Your assignment: For every entry, output the exact wording.

┌────────

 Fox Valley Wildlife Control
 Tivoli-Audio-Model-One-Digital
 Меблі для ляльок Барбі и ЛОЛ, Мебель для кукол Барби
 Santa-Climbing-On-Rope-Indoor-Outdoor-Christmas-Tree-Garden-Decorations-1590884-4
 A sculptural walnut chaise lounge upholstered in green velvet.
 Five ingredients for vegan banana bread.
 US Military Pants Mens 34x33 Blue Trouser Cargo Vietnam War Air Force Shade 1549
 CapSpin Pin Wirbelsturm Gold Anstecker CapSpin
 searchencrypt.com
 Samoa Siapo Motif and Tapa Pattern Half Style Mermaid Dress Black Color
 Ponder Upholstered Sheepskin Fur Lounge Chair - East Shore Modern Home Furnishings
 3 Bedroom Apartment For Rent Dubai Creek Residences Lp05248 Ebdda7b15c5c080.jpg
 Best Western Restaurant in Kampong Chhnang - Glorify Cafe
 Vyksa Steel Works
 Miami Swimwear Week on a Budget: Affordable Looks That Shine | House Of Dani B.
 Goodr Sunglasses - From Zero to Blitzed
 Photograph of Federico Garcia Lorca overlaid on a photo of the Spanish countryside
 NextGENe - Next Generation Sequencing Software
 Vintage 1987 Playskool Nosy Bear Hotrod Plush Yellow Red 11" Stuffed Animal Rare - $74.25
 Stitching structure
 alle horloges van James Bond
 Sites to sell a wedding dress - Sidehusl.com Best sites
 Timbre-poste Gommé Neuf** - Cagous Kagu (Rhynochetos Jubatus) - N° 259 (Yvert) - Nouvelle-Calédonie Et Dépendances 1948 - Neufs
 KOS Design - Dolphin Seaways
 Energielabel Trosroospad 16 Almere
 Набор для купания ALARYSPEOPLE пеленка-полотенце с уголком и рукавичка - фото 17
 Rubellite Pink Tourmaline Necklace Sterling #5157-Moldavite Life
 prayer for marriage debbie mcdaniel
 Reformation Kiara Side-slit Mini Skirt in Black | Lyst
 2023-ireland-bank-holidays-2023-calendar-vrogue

└────────

Solution to this exercise:
 Fox Valley Wildlife Control
 Tivoli-Audio-Model-One-Digital
 Меблі для ляльок Барбі и ЛОЛ, Мебель для кукол Барби
 Santa-Climbing-On-Rope-Indoor-Outdoor-Christmas-Tree-Garden-Decorations-1590884-4
 A sculptural walnut chaise lounge upholstered in green velvet.
 Five ingredients for vegan banana bread.
 US Military Pants Mens 34x33 Blue Trouser Cargo Vietnam War Air Force Shade 1549
 CapSpin Pin Wirbelsturm Gold Anstecker CapSpin
 searchencrypt.com
 Samoa Siapo Motif and Tapa Pattern Half Style Mermaid Dress Black Color
 Ponder Upholstered Sheepskin Fur Lounge Chair - East Shore Modern Home Furnishings
 3 Bedroom Apartment For Rent Dubai Creek Residences Lp05248 Ebdda7b15c5c080.jpg
 Best Western Restaurant in Kampong Chhnang - Glorify Cafe
 Vyksa Steel Works
 Miami Swimwear Week on a Budget: Affordable Looks That Shine | House Of Dani B.
 Goodr Sunglasses - From Zero to Blitzed
 Photograph of Federico Garcia Lorca overlaid on a photo of the Spanish countryside
 NextGENe - Next Generation Sequencing Software
 Vintage 1987 Playskool Nosy Bear Hotrod Plush Yellow Red 11" Stuffed Animal Rare - $74.25
 Stitching structure
 alle horloges van James Bond
 Sites to sell a wedding dress - Sidehusl.com Best sites
 Timbre-poste Gommé Neuf** - Cagous Kagu (Rhynochetos Jubatus) - N° 259 (Yvert) - Nouvelle-Calédonie Et Dépendances 1948 - Neufs
 KOS Design - Dolphin Seaways
 Energielabel Trosroospad 16 Almere
 Набор для купания ALARYSPEOPLE пеленка-полотенце с уголком и рукавичка - фото 17
 Rubellite Pink Tourmaline Necklace Sterling #5157-Moldavite Life
 prayer for marriage debbie mcdaniel
 Reformation Kiara Side-slit Mini Skirt in Black | Lyst
 2023-ireland-bank-holidays-2023-calendar-vrogue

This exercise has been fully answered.